#### DATA TO PROCESS:

=====

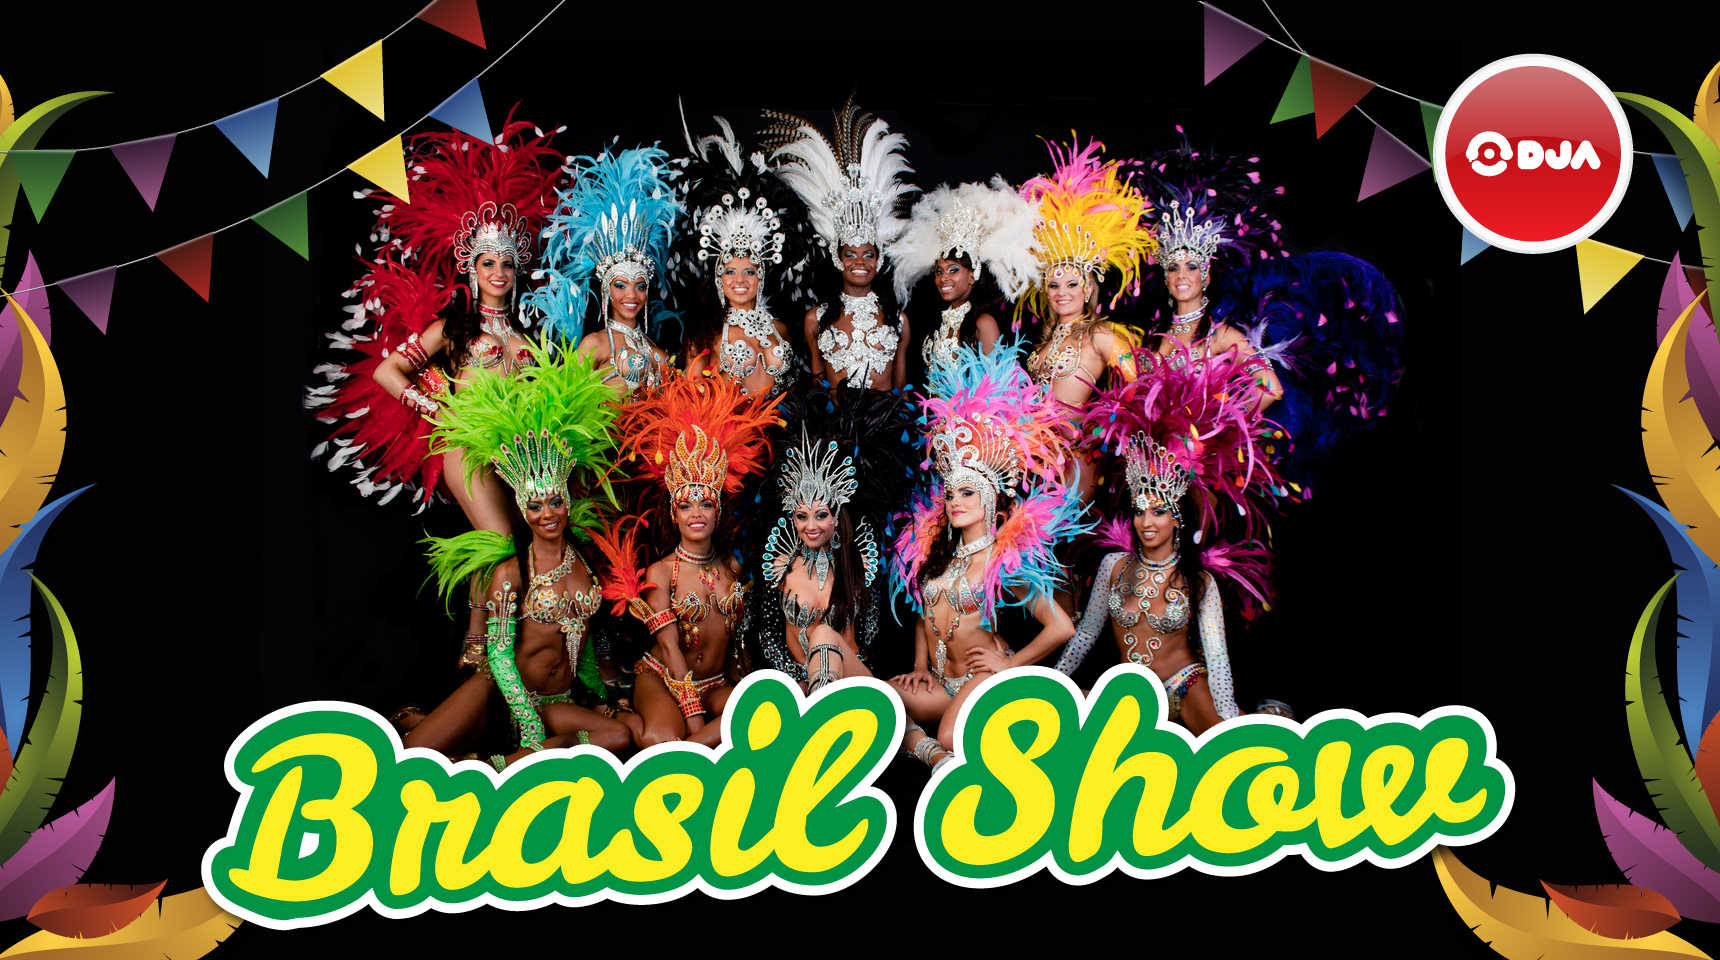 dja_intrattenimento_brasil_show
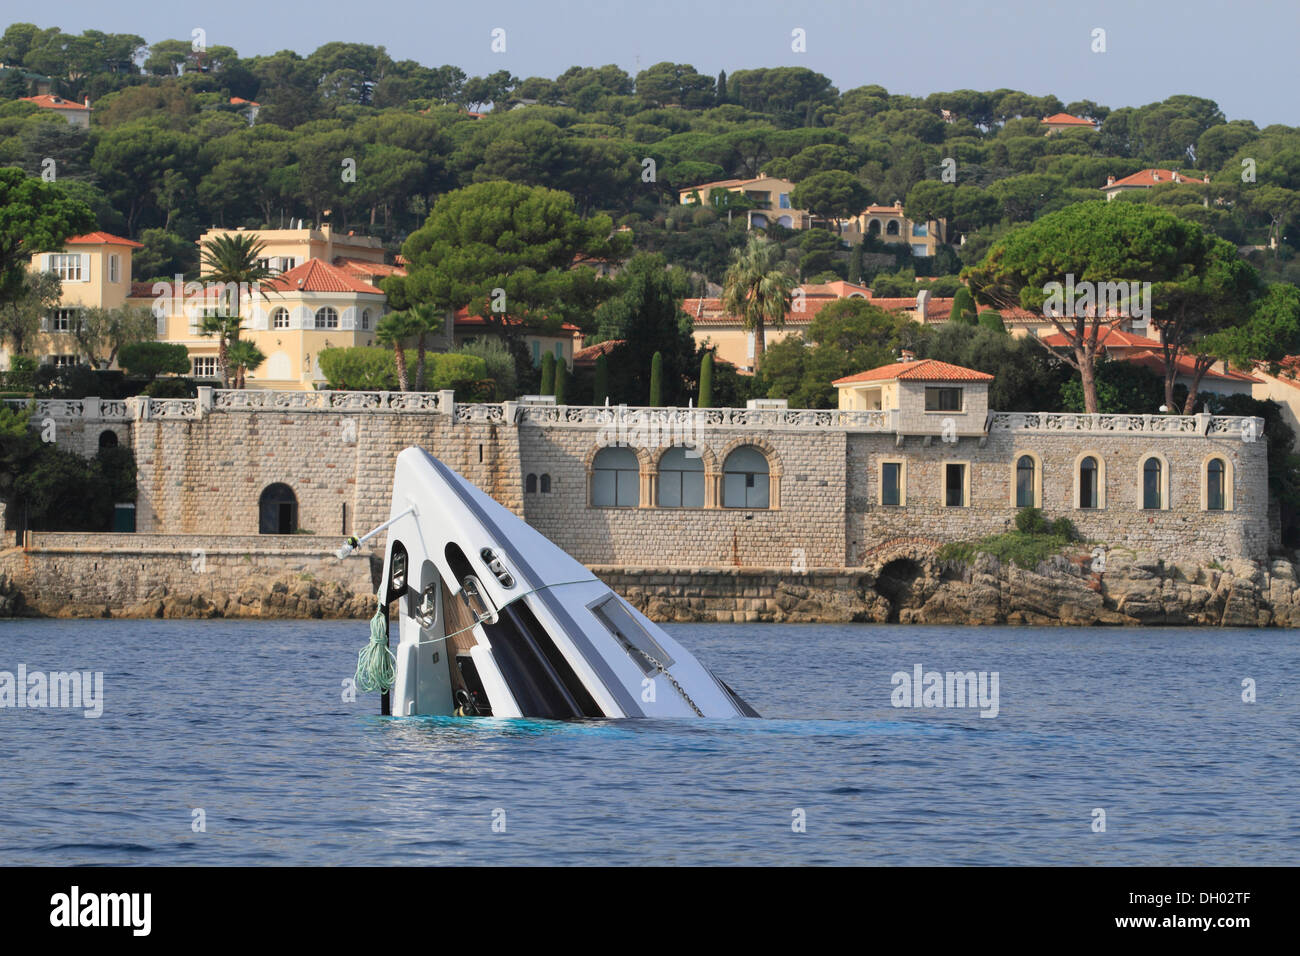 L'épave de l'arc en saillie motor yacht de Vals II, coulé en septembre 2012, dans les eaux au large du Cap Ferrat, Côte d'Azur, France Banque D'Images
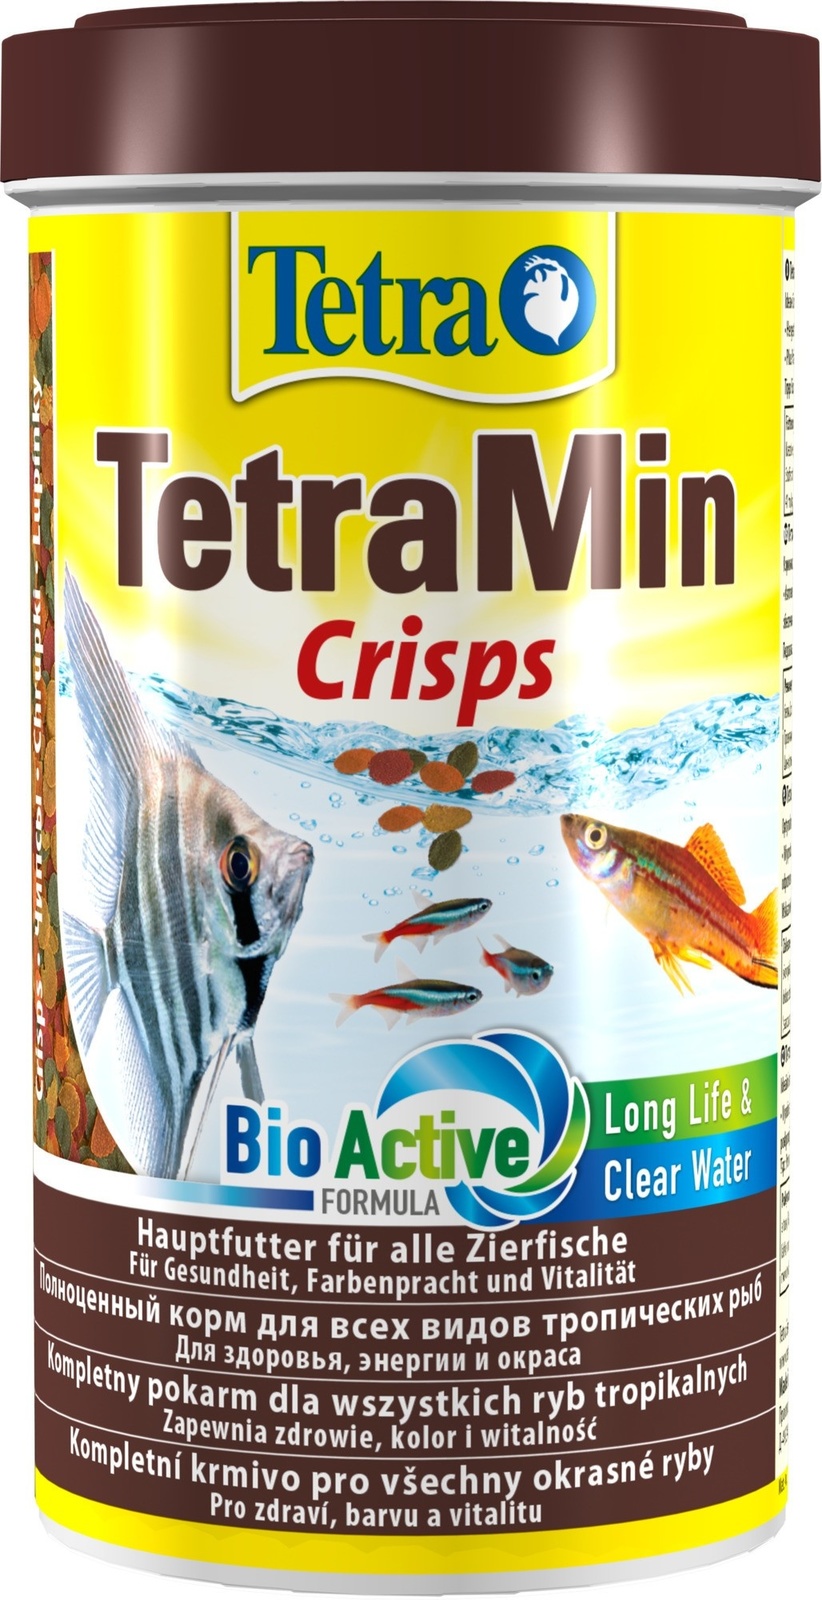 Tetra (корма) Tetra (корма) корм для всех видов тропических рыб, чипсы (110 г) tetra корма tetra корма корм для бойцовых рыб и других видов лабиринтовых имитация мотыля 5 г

=====

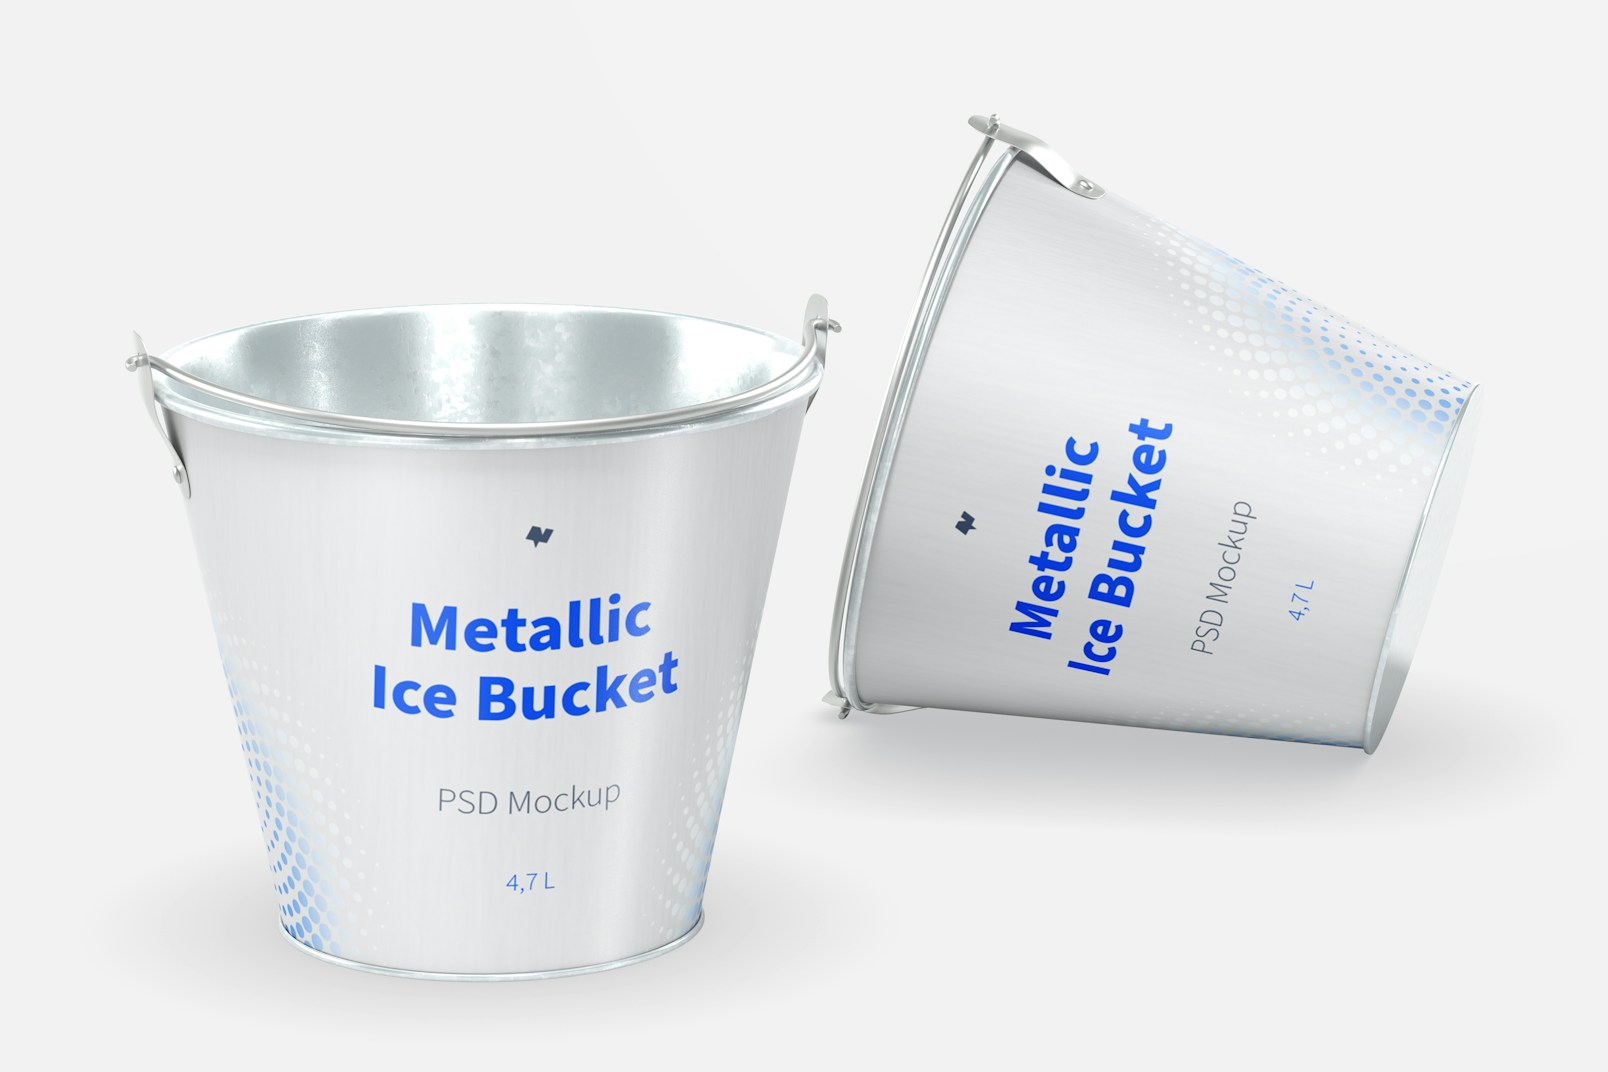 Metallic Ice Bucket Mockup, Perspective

=====

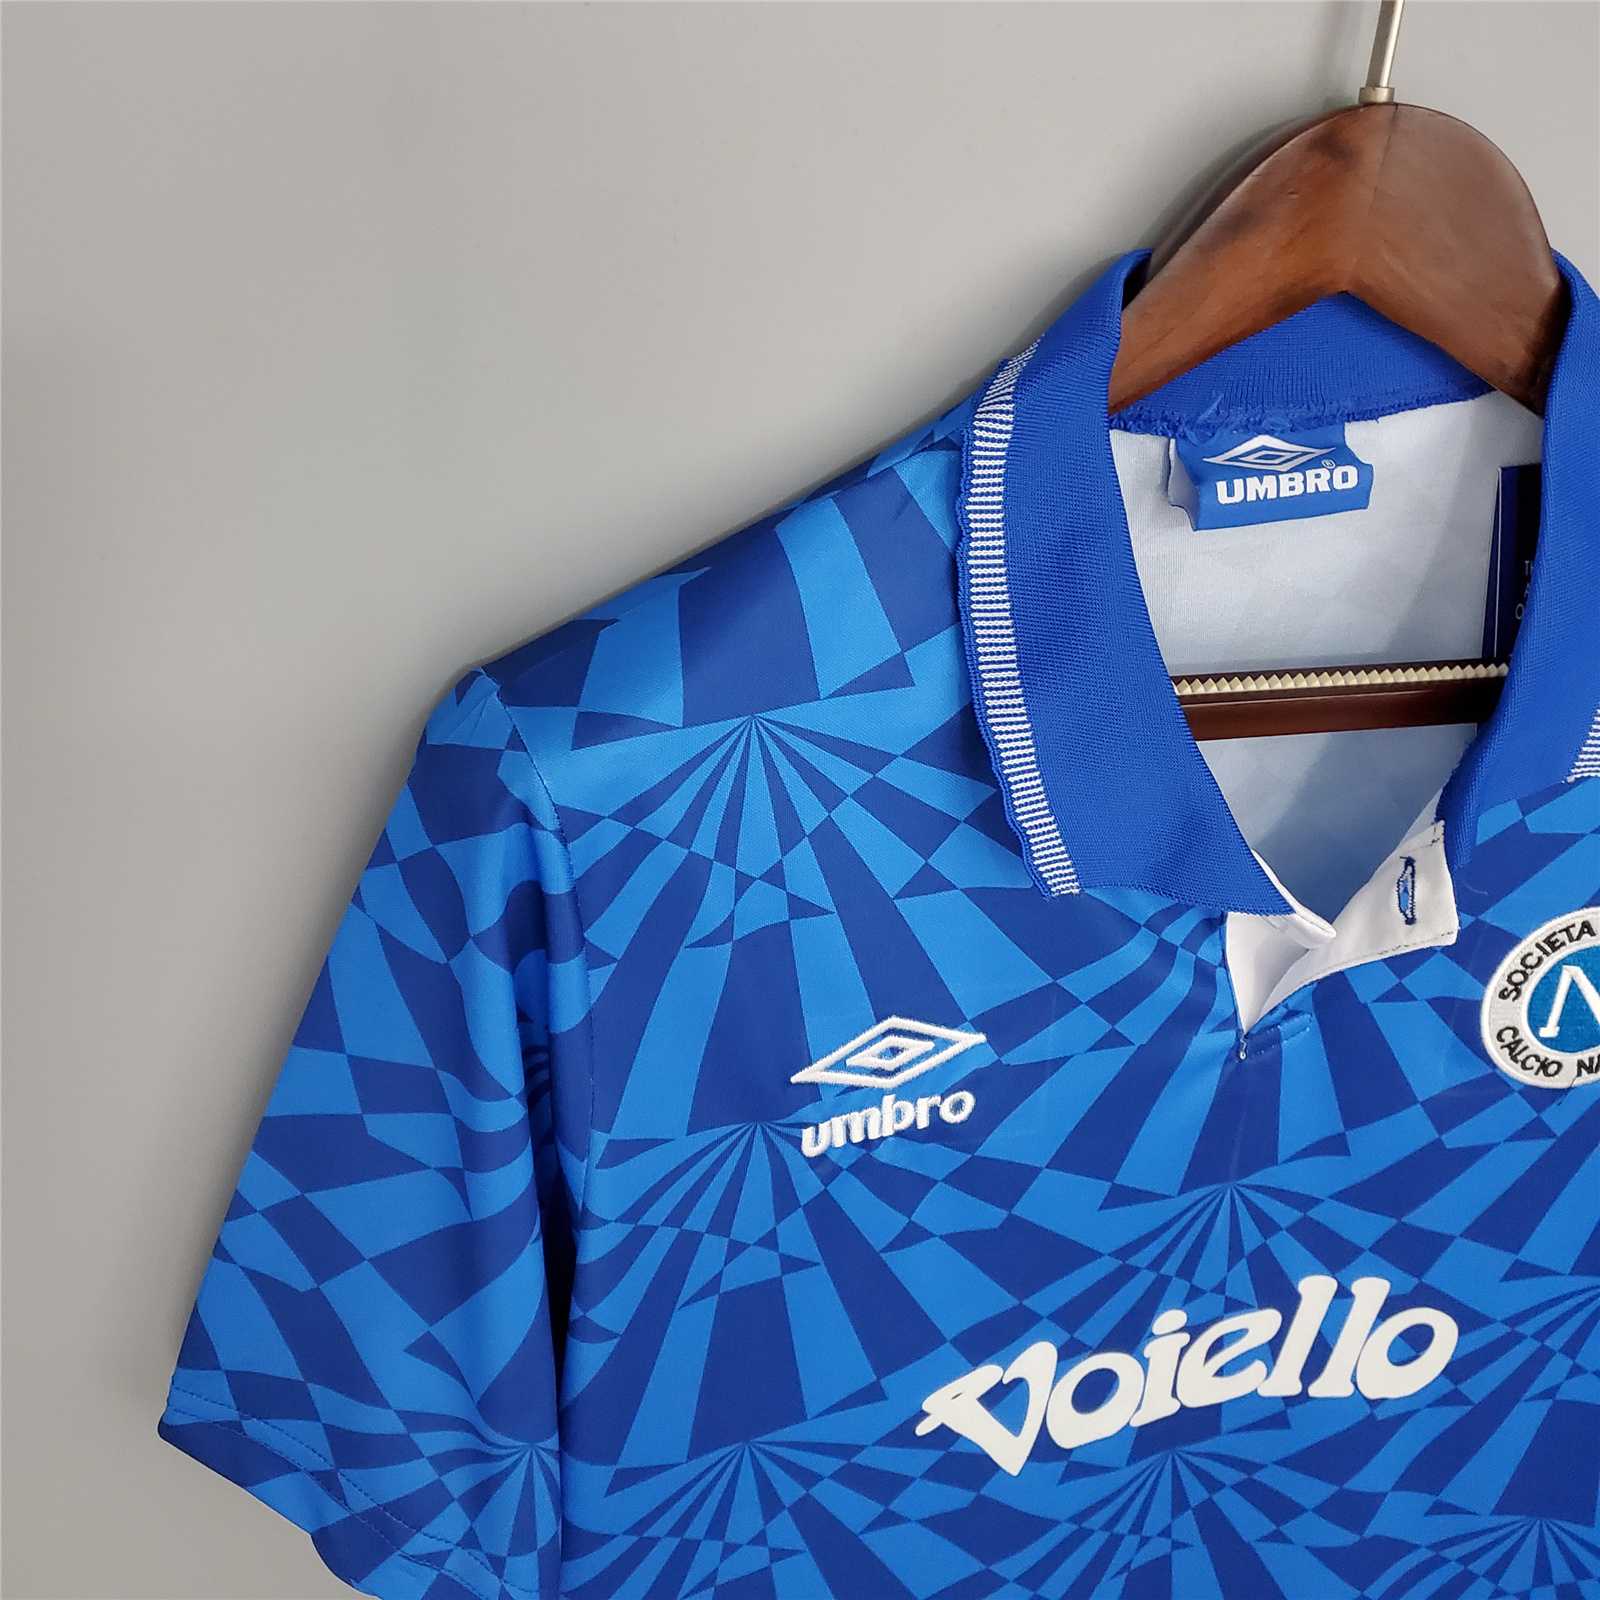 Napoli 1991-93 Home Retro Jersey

=====

#### WHAT NEEDS TO BE DONE:
Return only the stretch above from the line containing "dja_intrattenimento_brasil_show" through the line containing "Tetra (корма) Tetra", word for word and without pictures.

#### TASK RESULT:
 dja_intrattenimento_brasil_show
 L'épave de l'arc en saillie motor yacht de Vals II, coulé en septembre 2012, dans les eaux au large du Cap Ferrat, Côte d'Azur, France Banque D'Images
 Tetra (корма) Tetra (корма) корм для всех видов тропических рыб, чипсы (110 г) tetra корма tetra корма корм для бойцовых рыб и других видов лабиринтовых имитация мотыля 5 г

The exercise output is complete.